DTIM and power save (why cadence dominates average current)
- DTIM cadence: defines how often the client must wake to receive buffered traffic. More wakeups create a visible “comb” in current traces.
- Windowed behavior: place expensive uplinks inside a scheduled upload window, then allow the radio to return to deep sleep outside that window.
- Downlink tolerance: if the gateway is primarily uplink-driven, it can tolerate delayed downlink and keep wake cadence low.
Boundary: this is an engineering view of symptoms and controls, not an enterprise Wi-Fi design guide.
Keep-alives: the most common “power thief”
- Why tiny packets can be expensive: waking up, contending for airtime, transmitting, waiting for ACK, and settling back creates tail energy.
- Batch heartbeats: merge multiple status items into one report aligned to the upload window.
- Gate costly actions: maintain “always-on” connectivity only when queue watermark or alarm class requires it; otherwise allow disconnect/sleep.

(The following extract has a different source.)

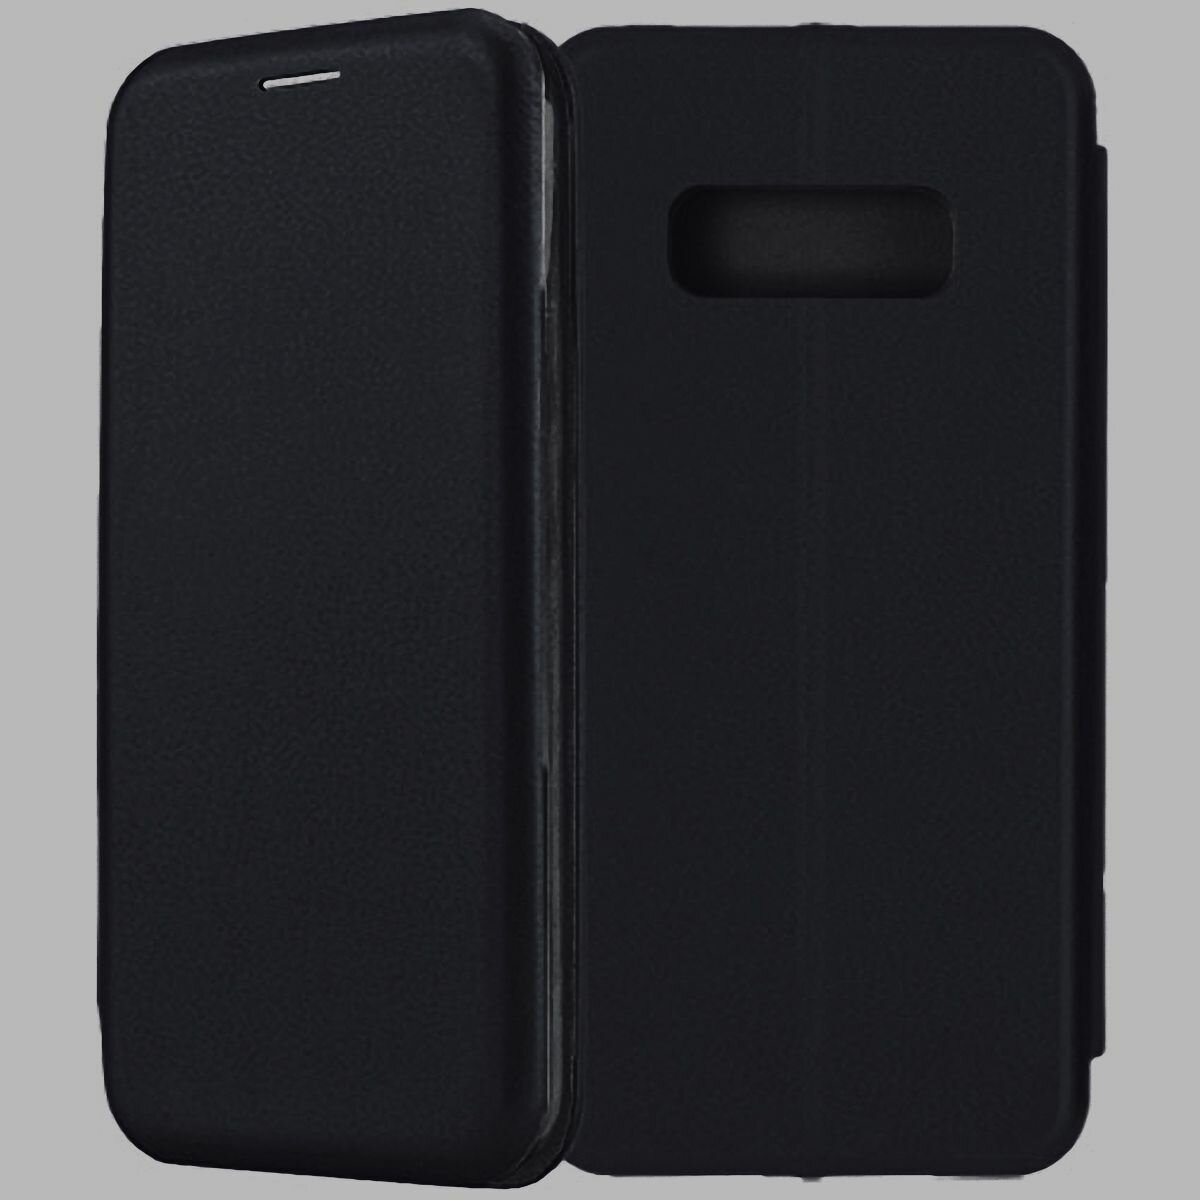 Samsung Galaxy S10E черный чехол-книжка эко-кожа для самсунг галакси с10е книга с функцией подставки на магните

- Weak-signal behavior: decrease keep-alive frequency and prefer local buffering to avoid repeated handshake tails.
Power tail traps (handshake, DHCP/DNS retries, weak-signal retransmissions)
Typical field symptoms → likely cause → practical strategy
- Frequent current spikes + delayed uploads → repeated association/handshake or DHCP/DNS loops → cap retries and enter cooldown; buffer locally.
- High power with low throughput → weak RSSI causing retransmissions → measure link quality first; upload only when above a minimum margin.
- Random long reconnect times → congestion or unstable AP → prefer stability; avoid aggressive roaming and avoid rapid reconnect loops.
Reliability rule: bounded retries + deterministic buffering is better than “try forever” because tail energy will dominate.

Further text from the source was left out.